Please find the line that holds "Dimensions- H: 18in W: 19 1/2in D: 19 1/2in" below and reproduce it, along with every line after it through the end, exactly and without pictures.
━━━━━━
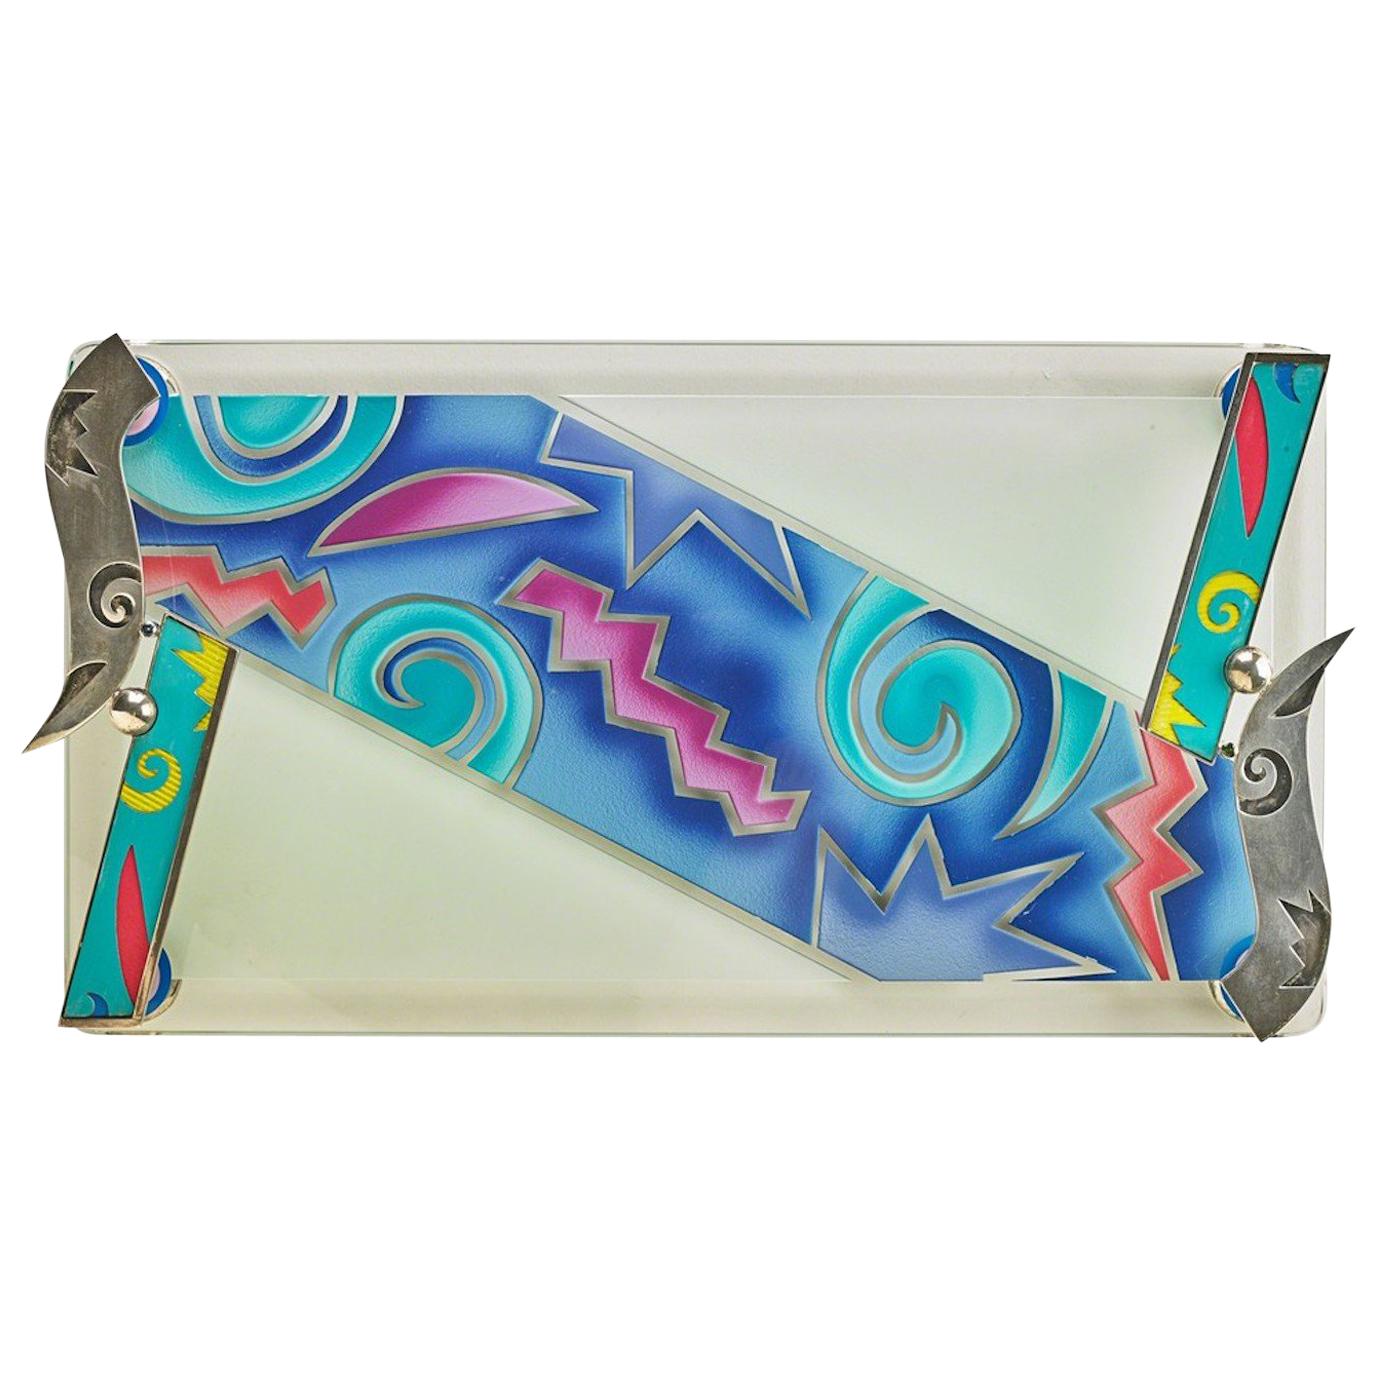 Fabulous Tycoon's Connoisseur limited edition glass modern serving tray!
An inspired piece of art by noted Silversmith museum artist--Mardi Jo Cohen and noted Glass Artist Joan Irving-a brilliant collaboration signed and dated 1993-in a very limited
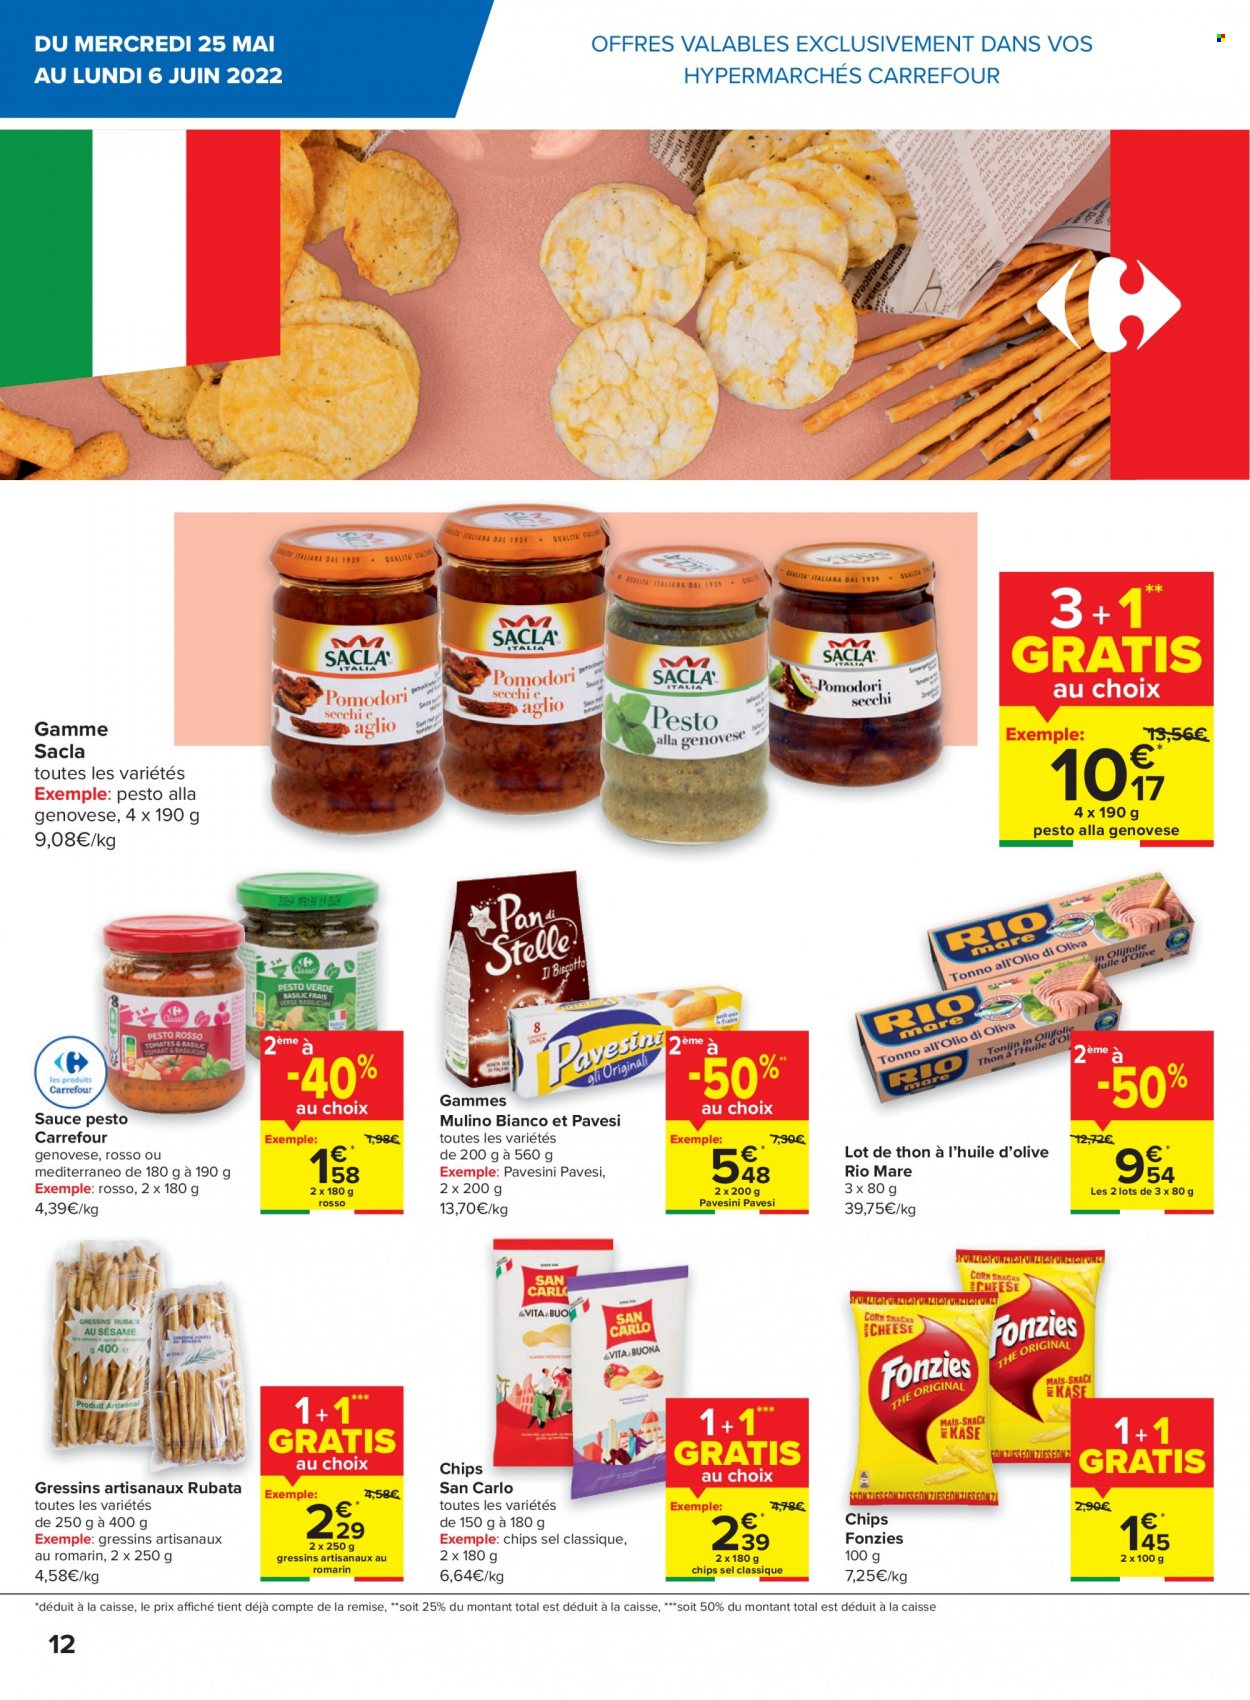 Catalogue Carrefour hypermarkt - 25.5.2022 - 31.5.2022. Page 12.
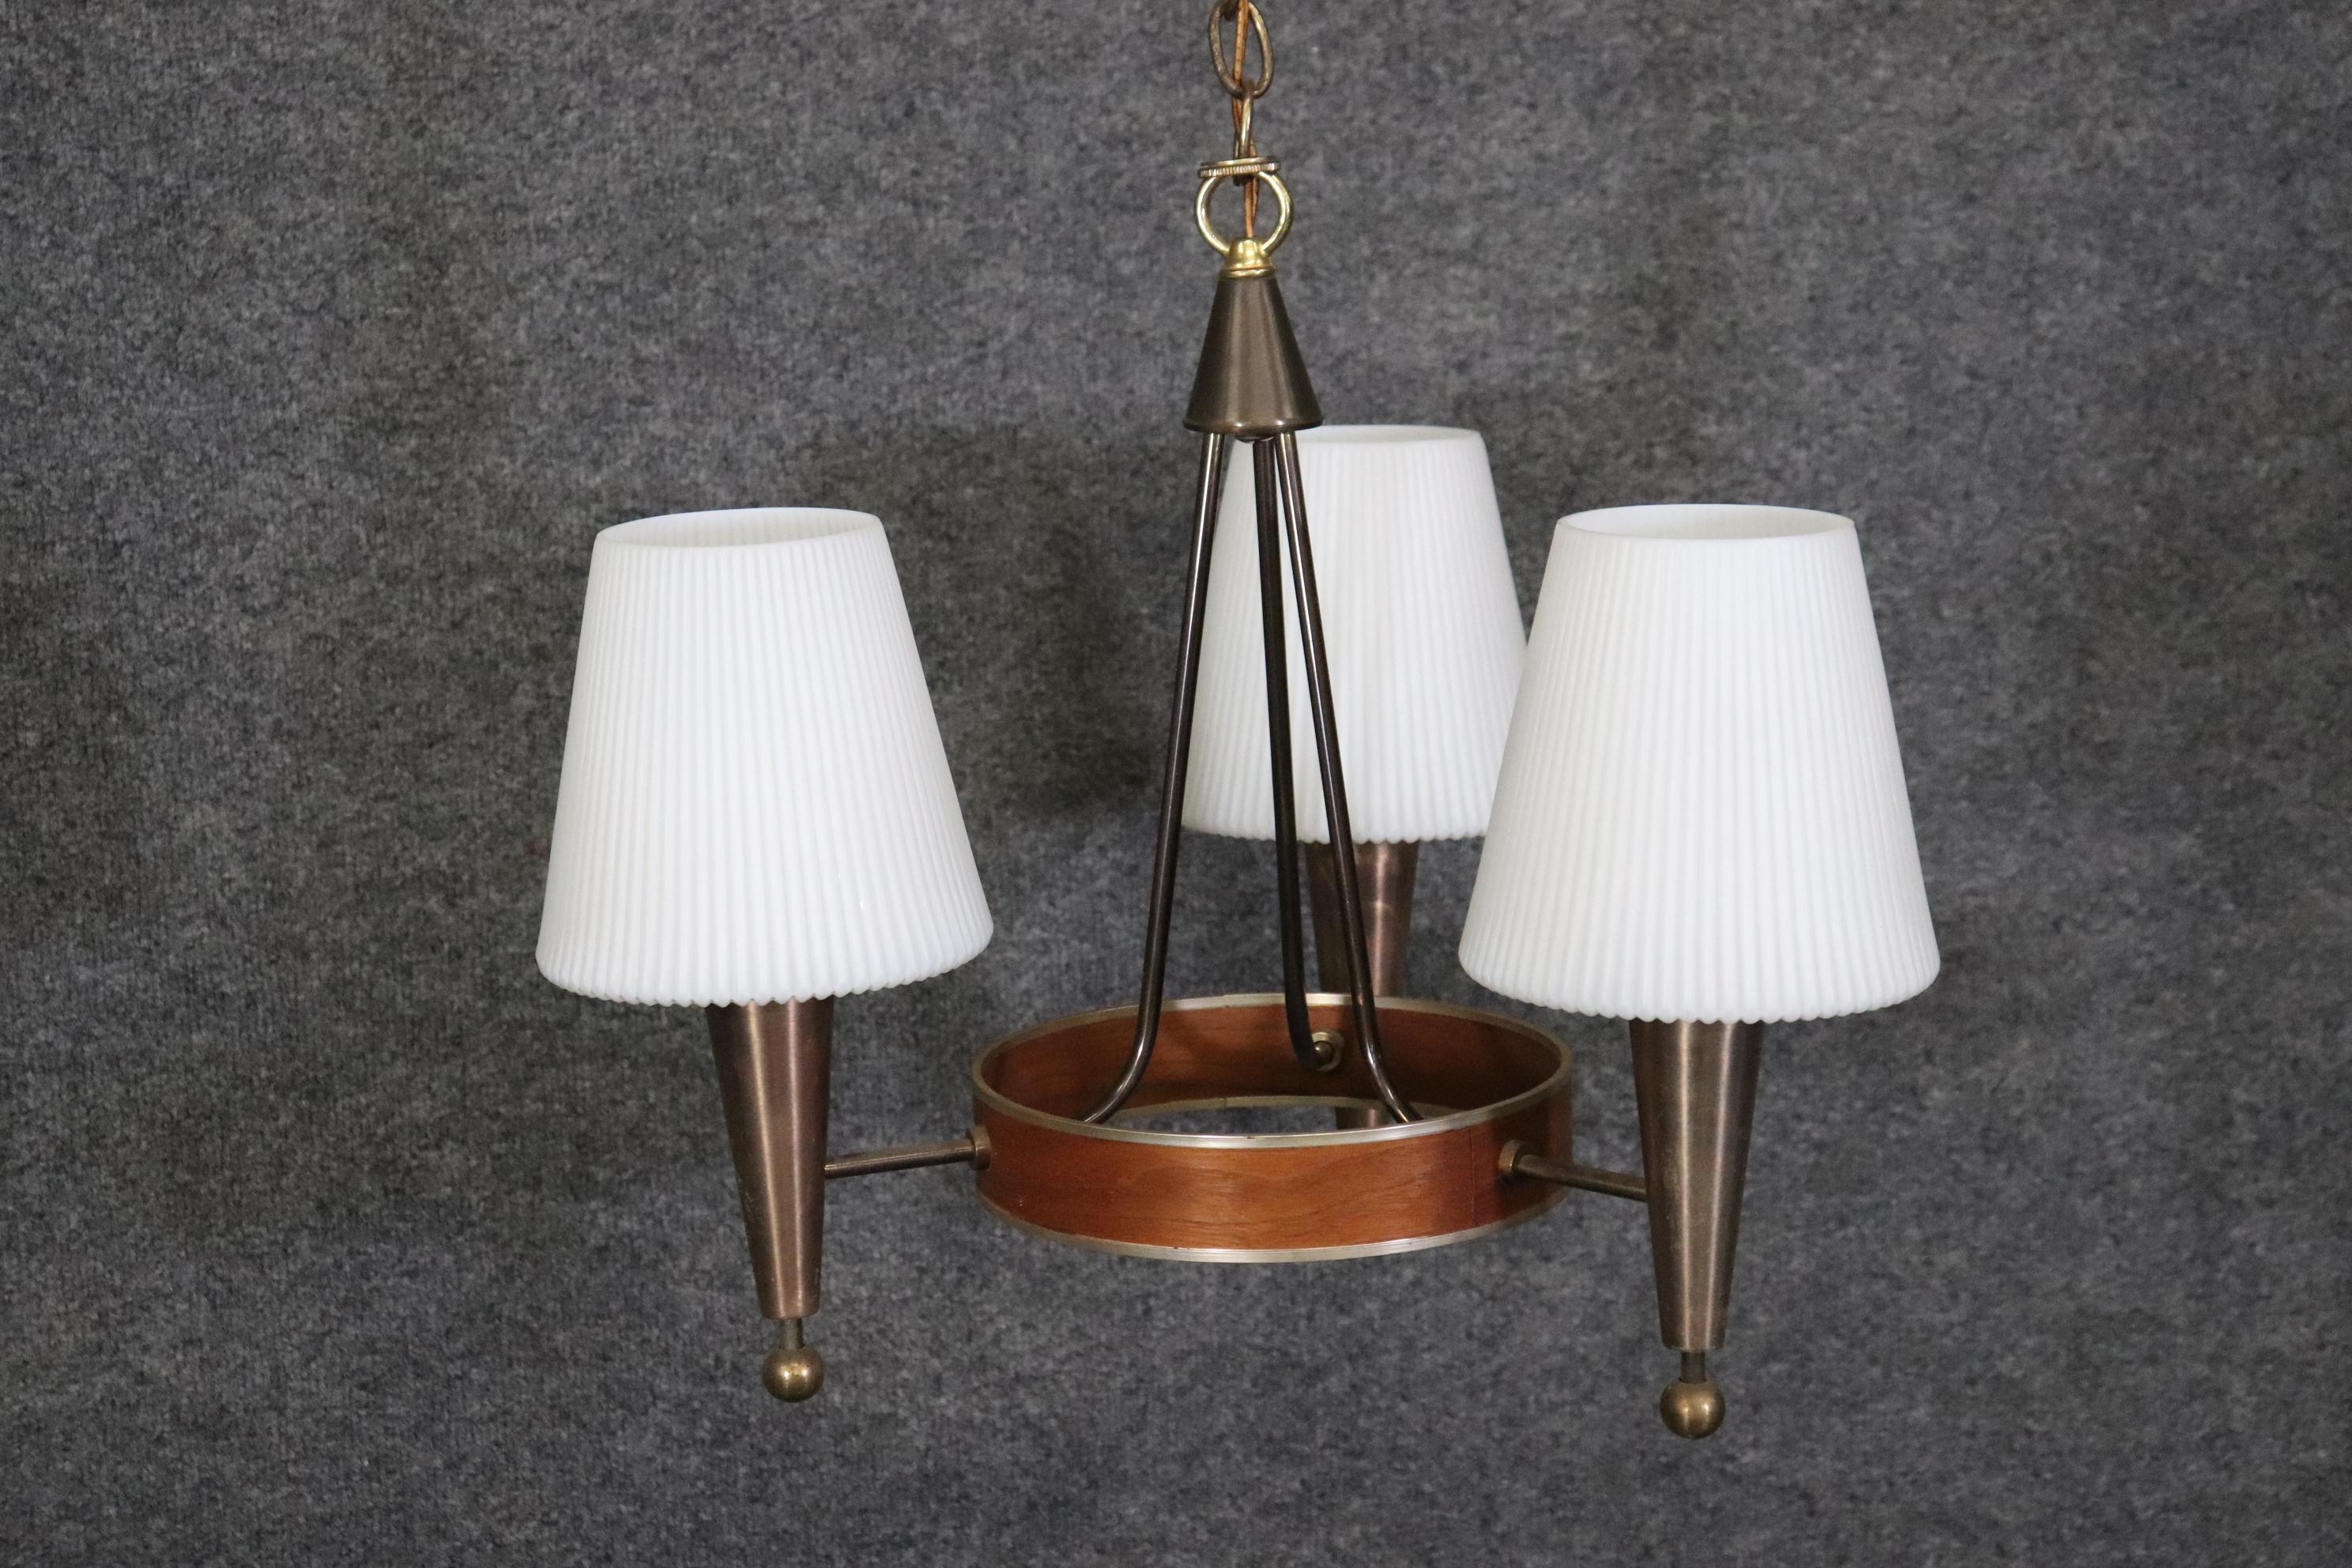 Dimensions- H: 18in W: 19 1/2in D: 19 1/2in

This Mid Century Modern three light chandelier is something to be seen!  Lightolier produced this walnut and brass chandelier. Lightolier was founded in 1904 by Bernhard Blitzer. Its original name was the
━━━━━━
**Exercise answer**
 Dimensions- H: 18in W: 19 1/2in D: 19 1/2in

This Mid Century Modern three light chandelier is something to be seen!  Lightolier produced this walnut and brass chandelier. Lightolier was founded in 1904 by Bernhard Blitzer. Its original name was the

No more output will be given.